We can however improve upon the space requirements, reducing it to $O(1)$. The key idea is this: for computing S[i] and T[i], all we need are the values of S[i-1] and T[i-1] apart from the given array A. Hence, there is no need to store all $n$ values of the S and T arrays.

We could proceed as follows:

max = A[0];

max_start = 0;

max_end = 0;

S = A[0];

T = 0;

For i going from 1 to n-1:

// S = max { S + A[i], A[i] )

if ( S > 0)

S = S + A[i];

Else

S = A[i];

T = i;

If ( S > max)

max_start = T;

max_end = i;

max = S;

End For.

Output max_end and max_start.

———–

The above algorithm takes $O(n)$ time and $O(1)$ space.

———-

Kite-cutting : More on dynamic programming – 4

Question. We are given a sheet of rectangular paper of length L and width W (where L and W are integral). We need to cut it in order to make rectangular kites. We have a set of n types of kites, each of integral dimensions, which we can make. Kite i has length $l_i$, width $w_i$ and sells for a profit of $p_i$. As is obvious, we would like to maximize the profit we can make from our rectangular sheet of paper.

Now, we are given a cutting device to cut the sheet. The cutting device can cut a sheet of paper only either horizontally or vertically. What this means is that we cannot cut a sheet into arbitrary shapes. Given a rectangular sheet to start with, the above condition implies that we will always obtain 2 smaller rectangles from it.
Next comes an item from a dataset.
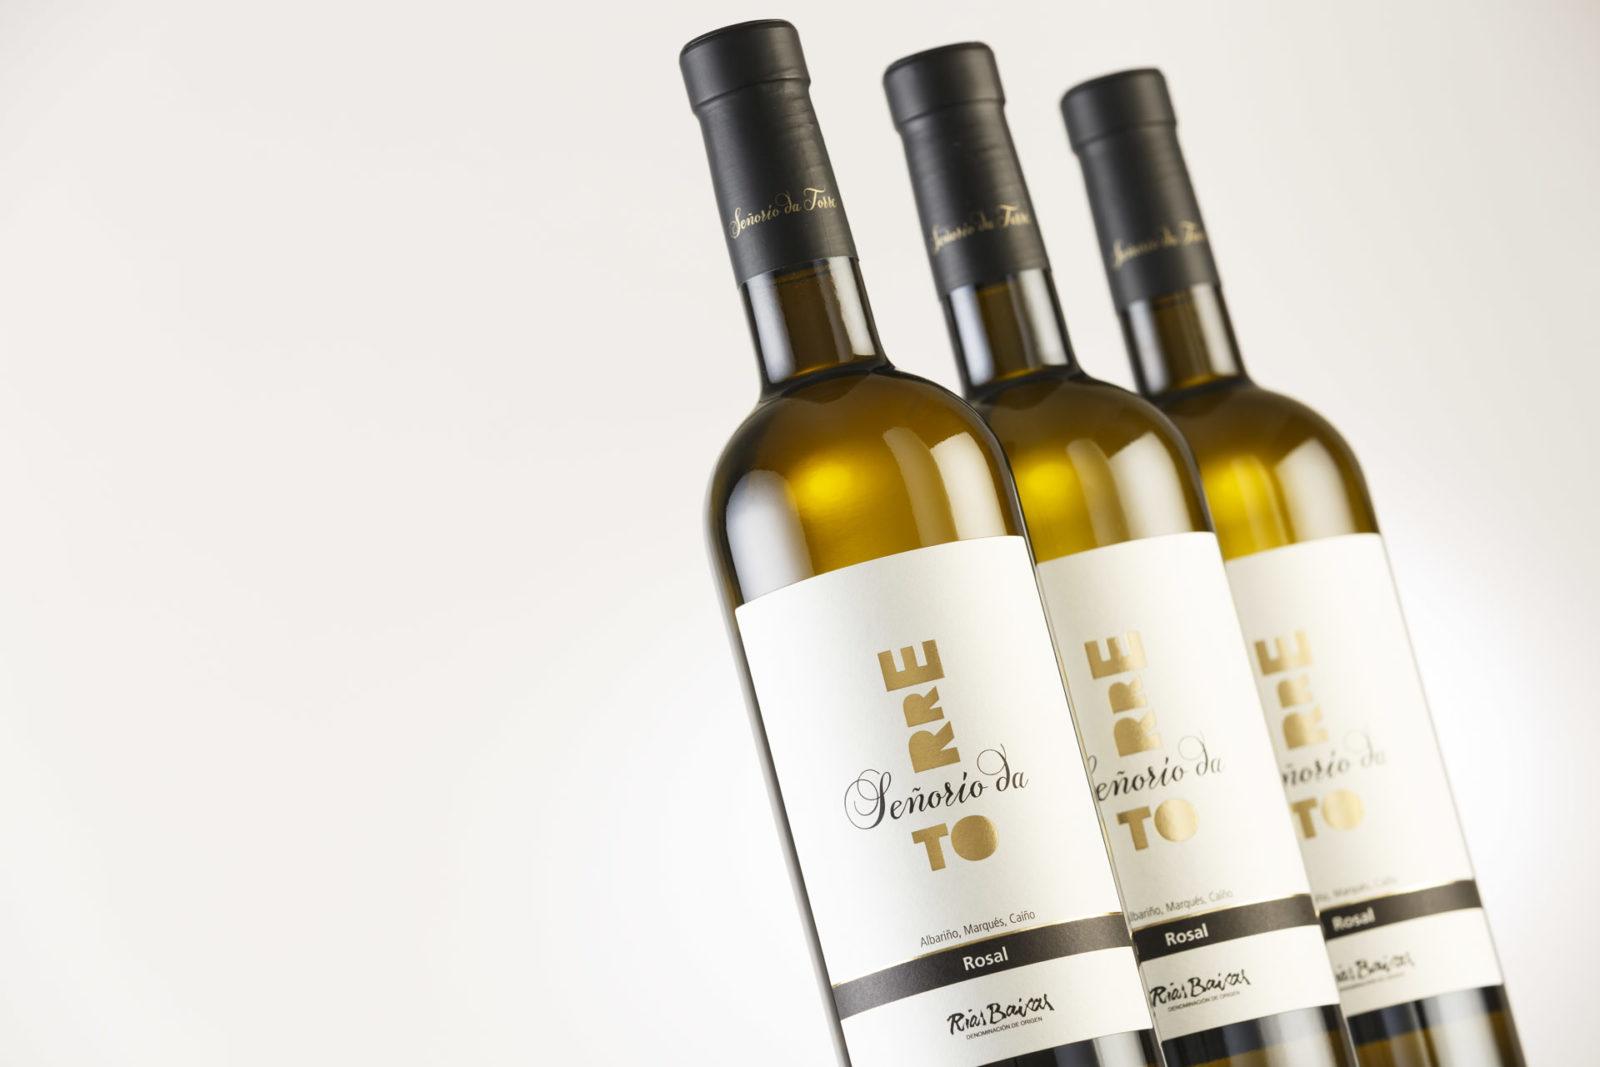 fotografia-vinos-galicia

The smaller rectangles can be obtained by either cutting along the width or along the length.

Also, we are told that there is no restriction on the number of kites we are allowed to make of any particular type.

Solution.

We can solve this in a fairly straightforward fashion using dynamic programming.
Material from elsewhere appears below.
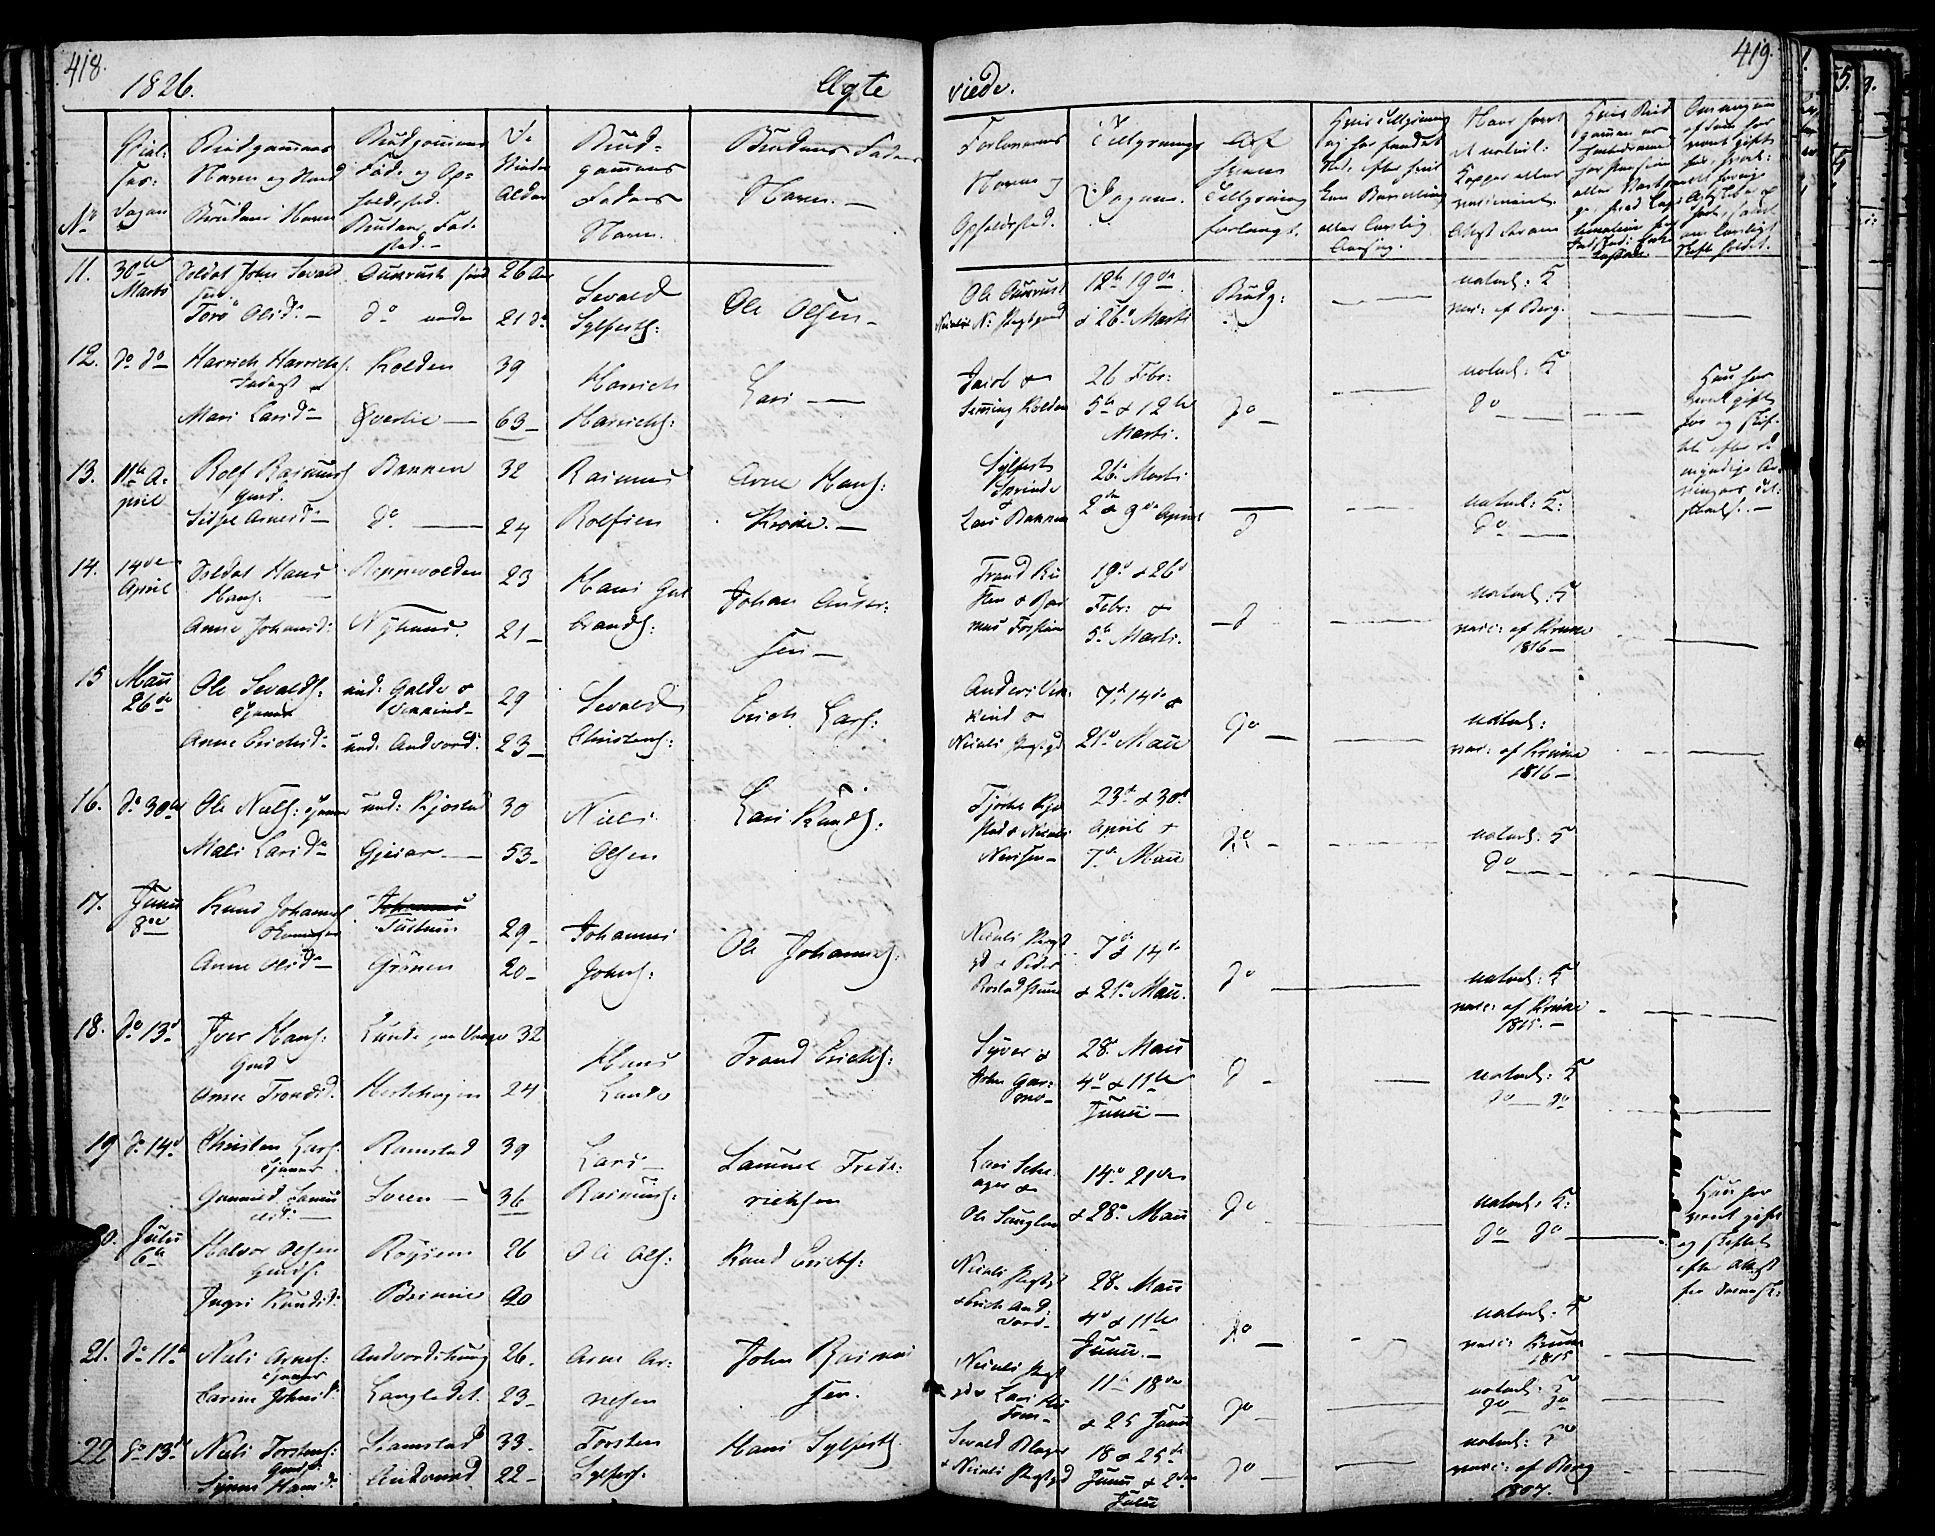 SAH, Lom prestekontor, K/L0005: Parish register (official) no. 5, 1825-1837, p. 418-419

Let’s denote by $OPT(x,y)$ the maximum profit we can derive out of a sheet of paper of length x and width y.

Thus, our aim is to compute $OPT(L,W)$.

Now, we know that we can cut the $x \times y$ dimension sheet only either along its length or along its width (or we can also choose not to cut the sheet at all).

If we cut along the length, the 2 smaller rectangles obtained are of sizes: $x \times w$ and $x \times (y-w)$ where $w$ lies in the range $\{1, y-1\}$.
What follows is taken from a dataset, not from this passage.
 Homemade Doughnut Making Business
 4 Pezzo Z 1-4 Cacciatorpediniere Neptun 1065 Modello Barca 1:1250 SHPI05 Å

Similarly, one can cut width-wise.

Also, let us denote by $P(x,y)$ the profit we would get if by directly selling (i.e. without cutting) our $x \times y$ sheet of paper. (Note that this means that there exists some kite-type which has exactly these dimensions.)

——

We obtain the following recurrence based on the above observations:

$OPT (x,y) = \max \{ Term 1, Term 2, P(x,y) \}$.

$Term1 = \{ OPT(x, w) + OPT(x,y-w) : w \in \{1, \ldots, y-1\} \}$.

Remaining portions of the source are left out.